The rapid progress in Text-to-Image (T2I) generation models like StableDiffusion and Imagen has opened up new avenues in various creative domains. Despite advancements, many generated images suffer from unrealistic artifacts, misalignment with text descriptions, and subpar aesthetic qualities. Traditional evaluation metrics often fail to capture these nuances, leading to a need for more refined feedback mechanisms to improve T2I generation models.

Rich Human Feedback Data Collection

In this study, a new approach to collecting detailed human feedback has been implemented. Instead of simply scoring images, the feedback includes:

  • Image region annotations that highlight implausible areas or segments that don't match the text.
  • Text annotations that mark words in the prompt which are misrepresented or not depicted in the image.
  • Fine-grained scores for plausibility, text-image alignment, aesthetic appeal, and overall quality.

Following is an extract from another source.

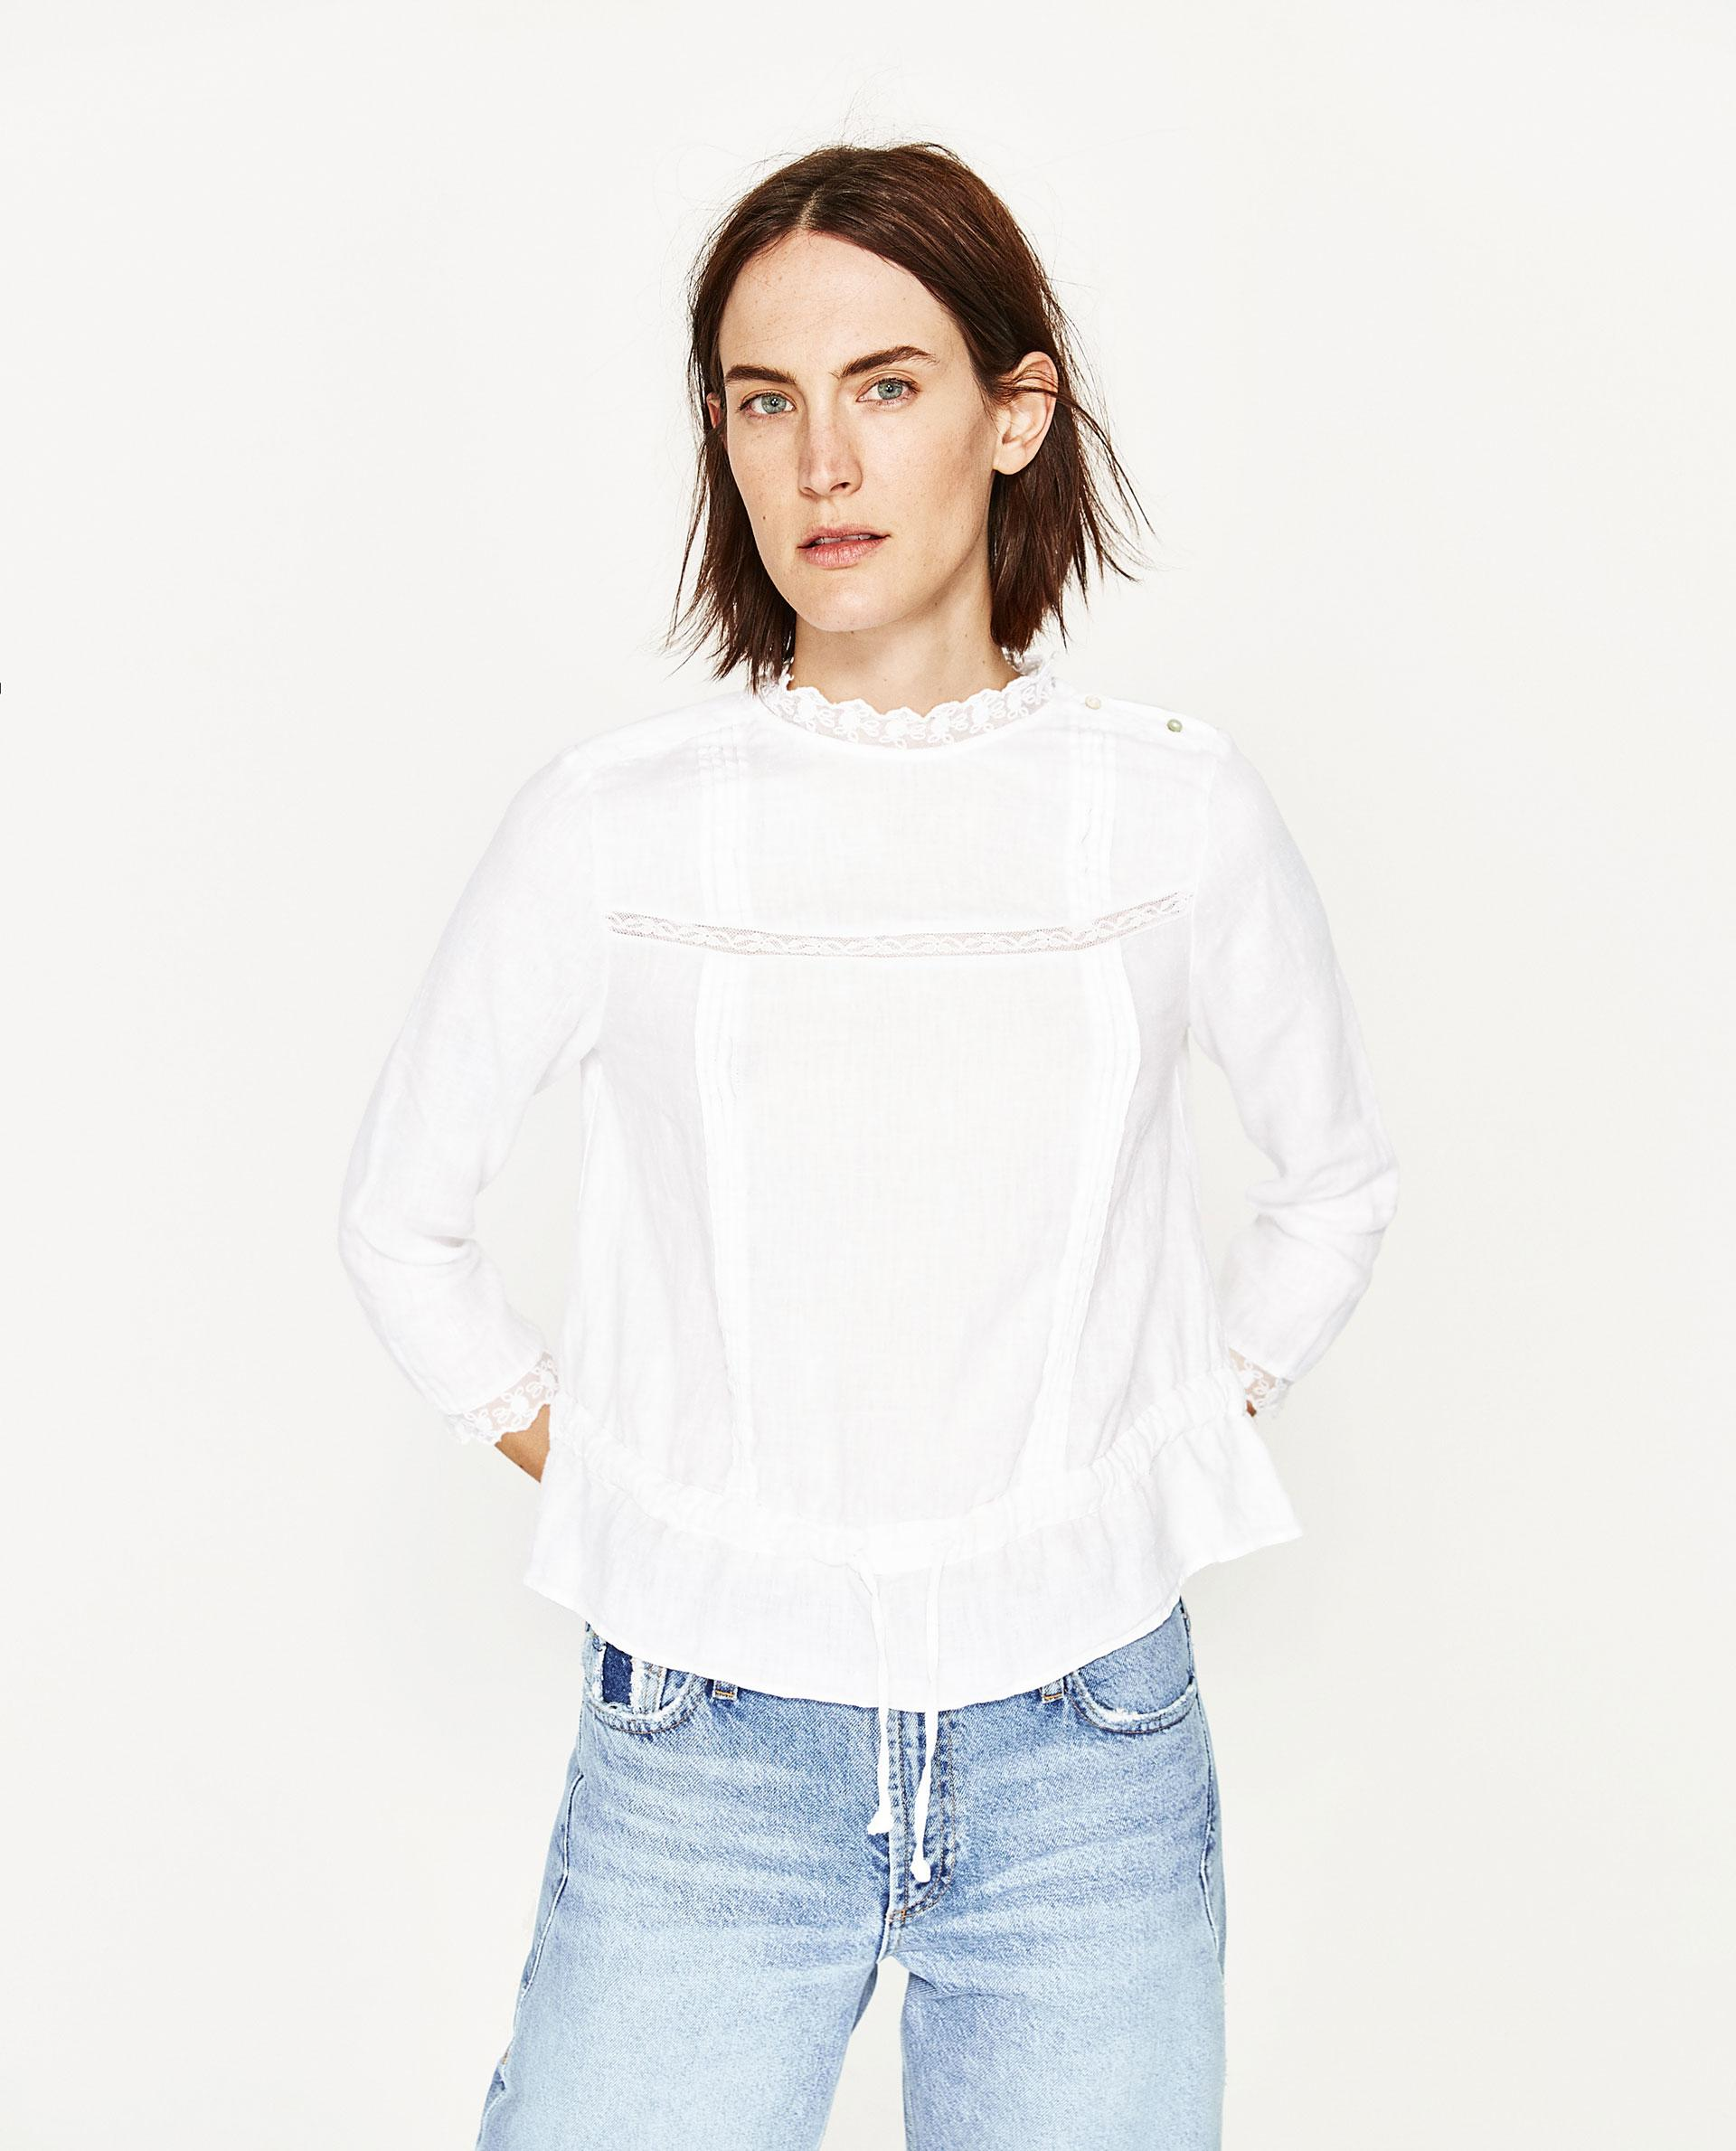 Zara Linen Blouse 13

A large-scale dataset (RichHF-18K) has been created, encompassing rich annotations on 18,000 images. Not only does this dataset allow for more comprehensive evaluation, but it also serves as training data to finetune and improve existing T2I models.

Predictive Model Development

Researchers developed a multimodal transformer to predict the detailed feedback provided by humans automatically. This Rich Automatic Human Feedback (RAHF) model can do the following:

  • Predict regions of implausibility and misalignment in an image.
  • Identify mismatched or missing concepts in the text prompts.
  • Assign fine-grained scores evaluating various image quality aspects.

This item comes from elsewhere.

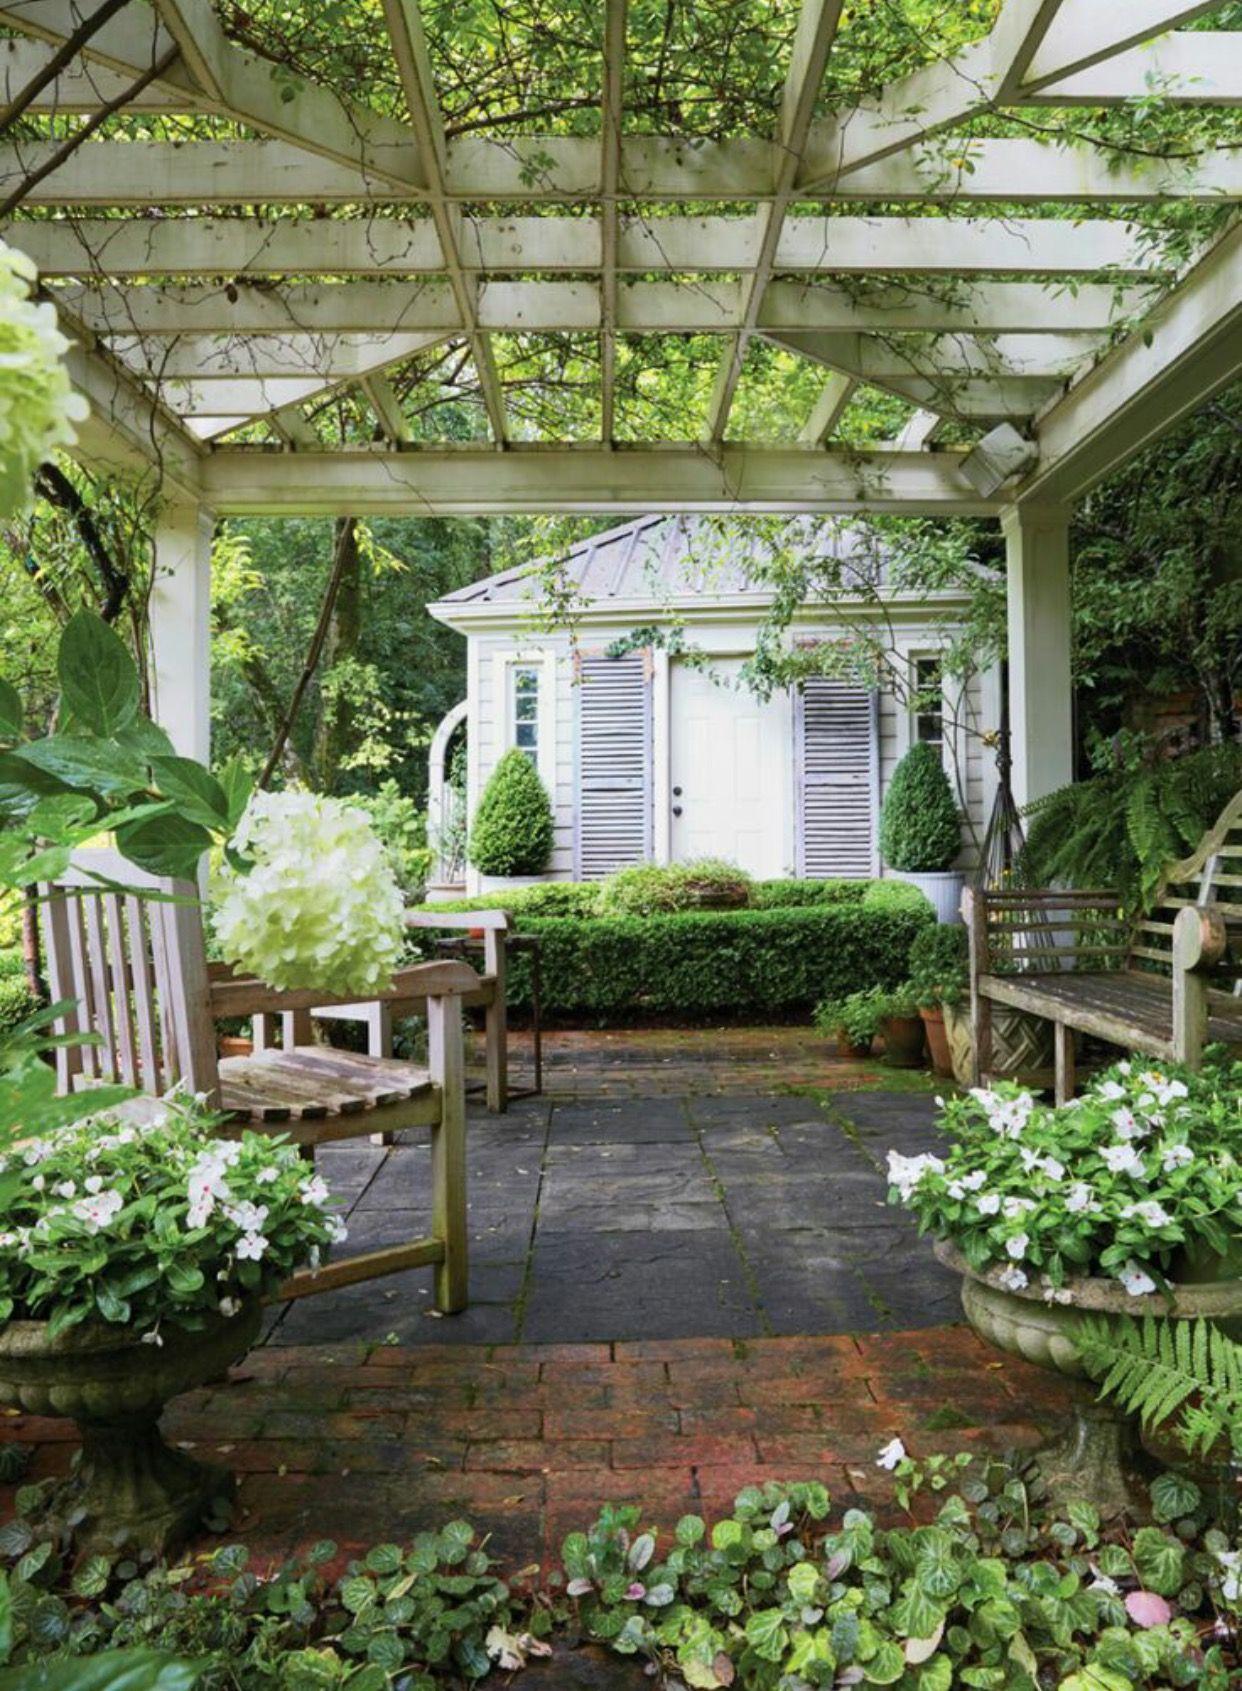 Pin by Halina on gardening in 2018 | Pinterest | Jardins ...

Testing shows that the RAHF model's predictions correlate highly with human annotations. Furthermore, these predictive capabilities can enhance image generation by guiding the selection of training data or refining the generative process.

Applications and Improvements in Image Generation

The RAHF model has been used to facilitate improvements in T2I models by two methods:

  1. Inpainting Problematic Regions: By creating masks from the predicted heatmaps, problematic sections of images can be inpainted, leading to higher-quality results.
  2. Finetuning Generative Models: Using predicted scores, researchers can select and filter data to better train generative models like Muse.

Conclusion

This paper presents the first comprehensive dataset for fine-grained human feedback in text-to-image generation and introduces a powerful tool to predict and apply this feedback for model enhancement. Its generalization abilities are exhibited by the model's success beyond the datasets it was trained on, promising a future where T2I quality aligns more closely with human judgment.